Итальянец быстро сориентировался и пригласил на "вакантное место"
Мехди Яссерита. Тот, казалось, только и ждал предложения, к тому же имел
неограниченный запас свободного времени. То ли его каникулы оказались
бесконечными, то ли начальство невероятно уступчивым, но Мехди ни разу
не заикнулся о том, что ему пора переступить пыльный порог министерства
просвещения.
Привязанность учителя к своему новому другу ни в коей мере не
удерживала Гвидо от пренебрежительных замечаний, насмешек и издевок.
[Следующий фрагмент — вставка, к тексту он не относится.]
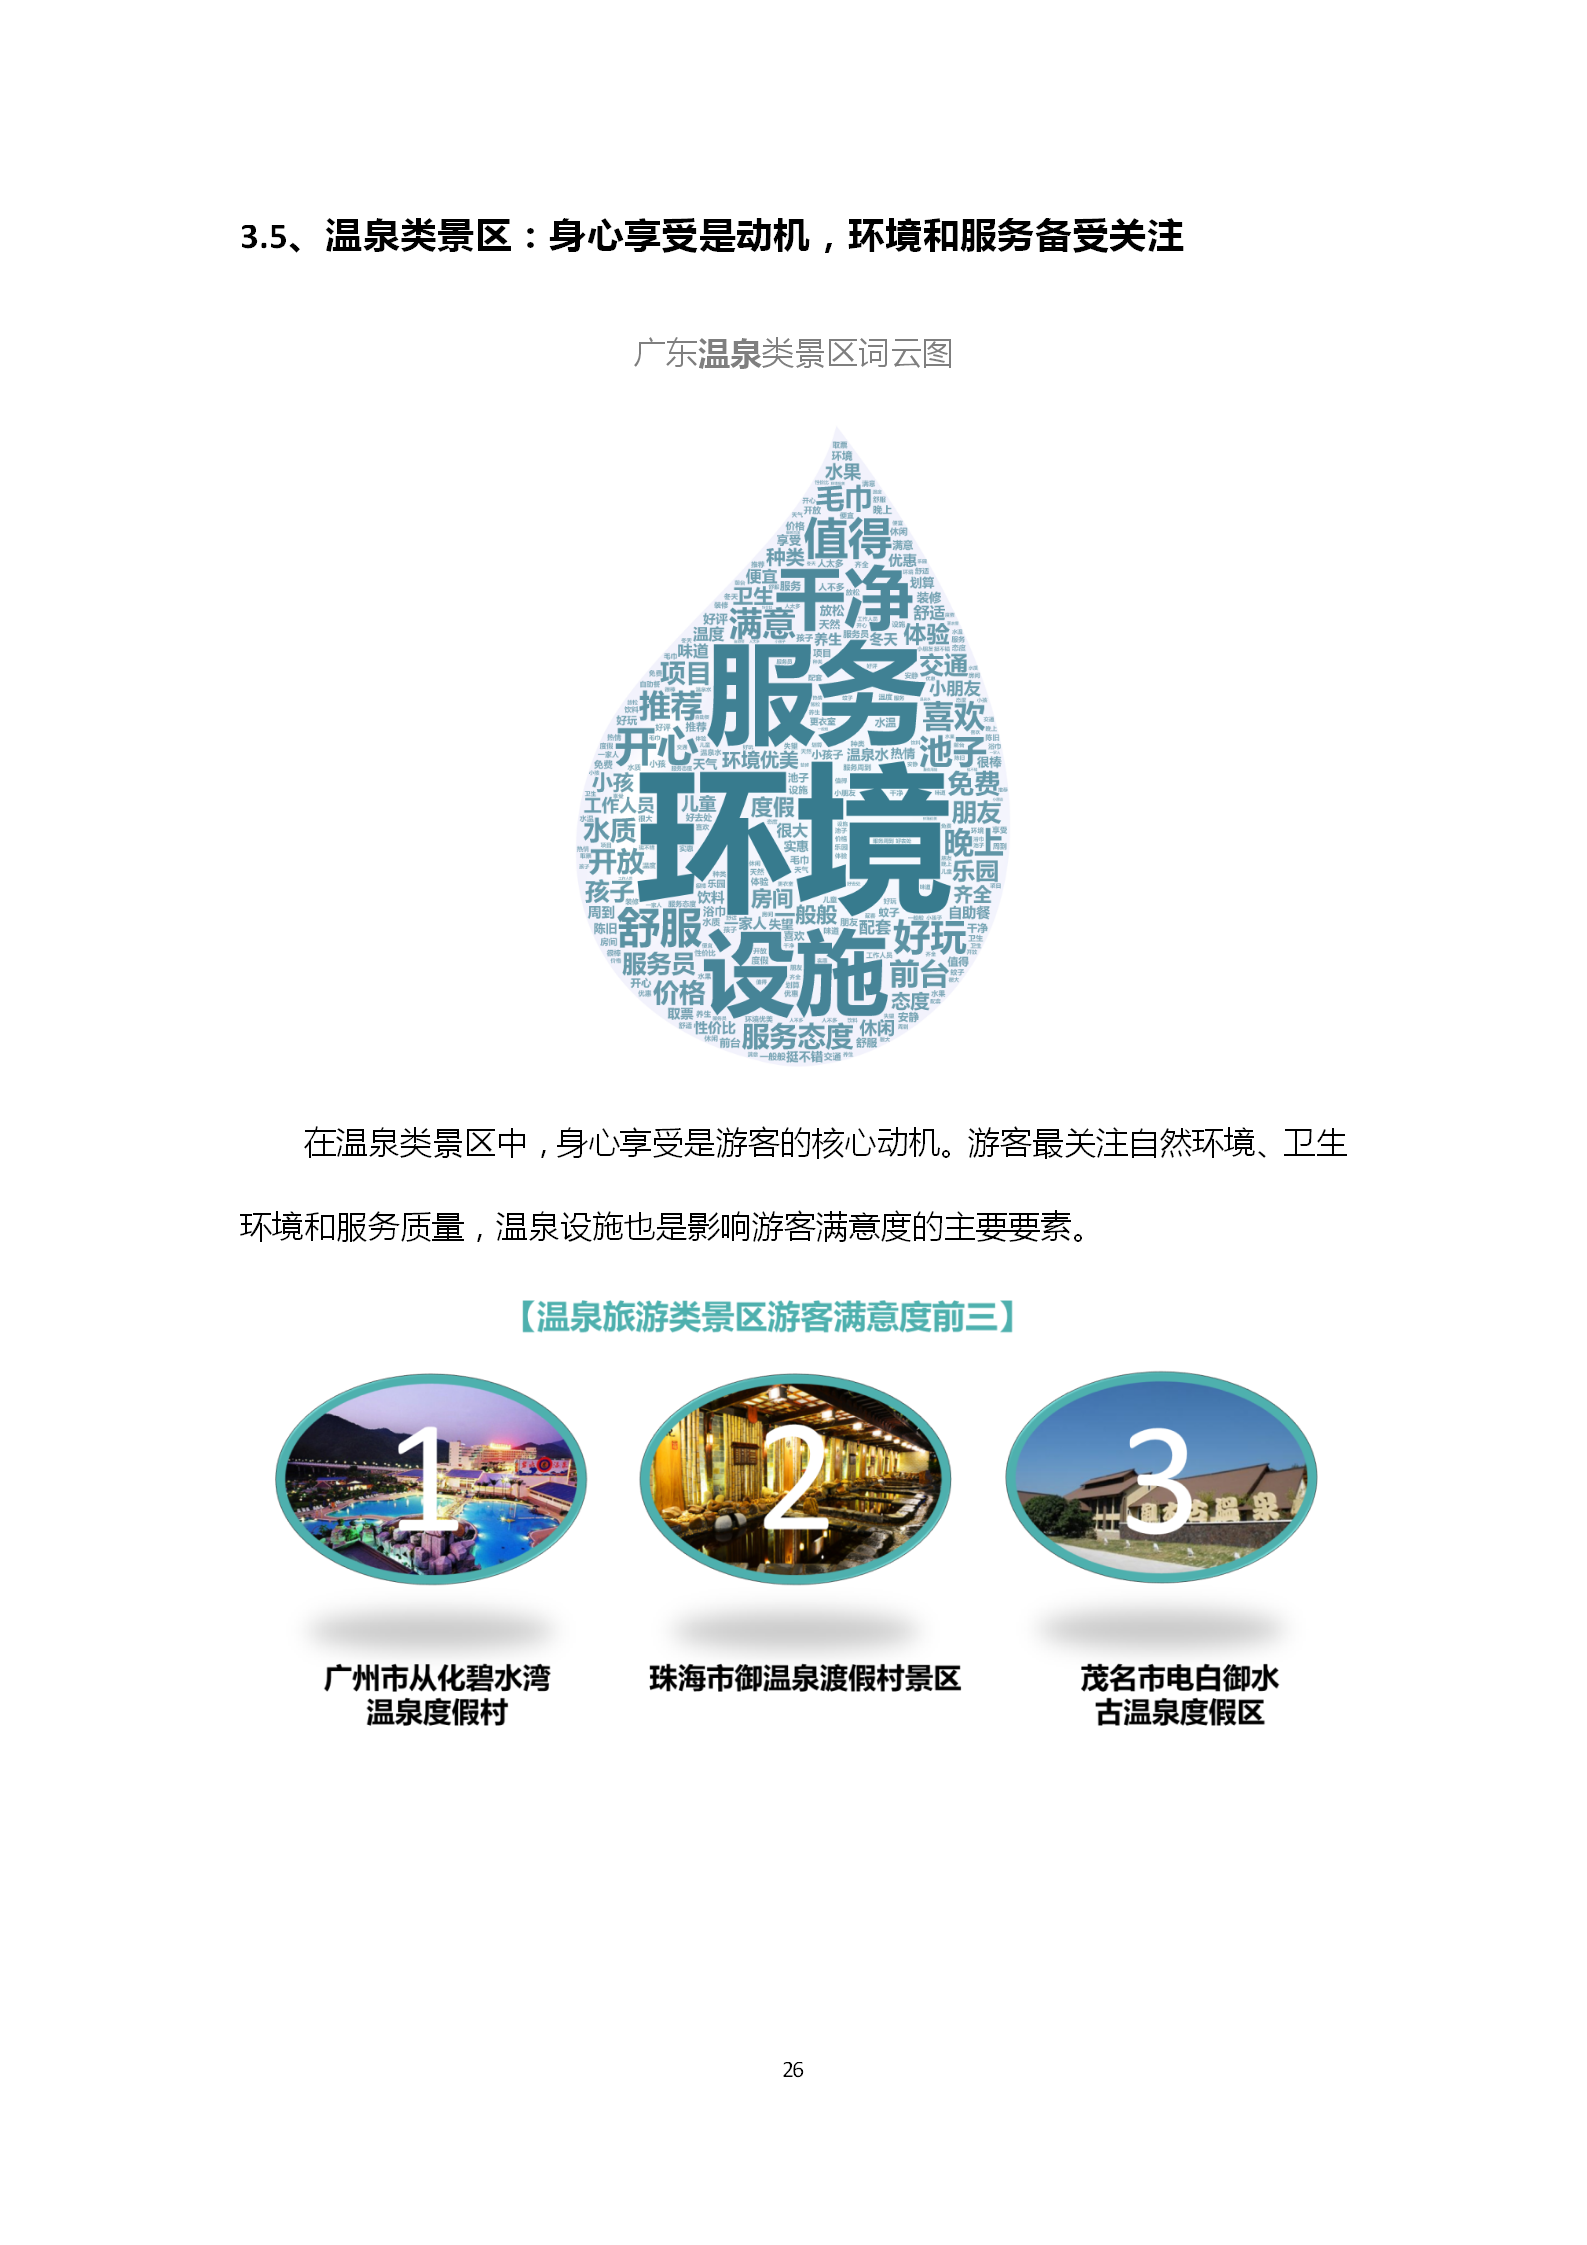 广东省旅游景区游客满意度大数据调查报告-2018年第三季度20181106_27

Гвидо именовал его старым педерастом, провинциальным извращением и
представителем пятой колонны платонистов.
Итальянец фактически не нуждался в помощи учителя. Он имел в запасе
более тридцати самых ходовых фраз местного диалекта и прекрасно
справлялся без переводчика. Возможно, Гвидо обладал особым даром общения
и тем покорил жителей городка. А может, они всегда встречали людей так
душевно. Во всяком случае, в каждом доме Гвидо ждал радушный прием.
Вскоре он отложил фотоаппарат, с помощью которого надеялся установить
контакт с населением.
Ему больше не нужно было разыгрывать туриста, чтобы добиться
приглашения в чью-нибудь семью. При его появлении старики начинали
улыбаться, а малыши кидались на шею.
Гвидо больше интересовали дети, чем старики, и мужчины, чем женщины.
Иногда, чтобы проверить какие-то свои предположения, он проводил
простенькие эксперименты. Детям предлагались на выбор два стеклянных
стакана - один маленький, заполненный конфетами доверху, другой большой,
в котором сладости едва покрывали дно. Двухлетки безошибочно тянулись к
маленькому. Но четырех-пятилетние с настойчивостью дебилов выбирали
большой. В остальном они ничем не отличались от других детей: во время
так называемого "интервью" потели, заикались и теряли нервные клетки
миллионами.
Со взрослыми дело шло хуже. Однако и тут можно было поживиться.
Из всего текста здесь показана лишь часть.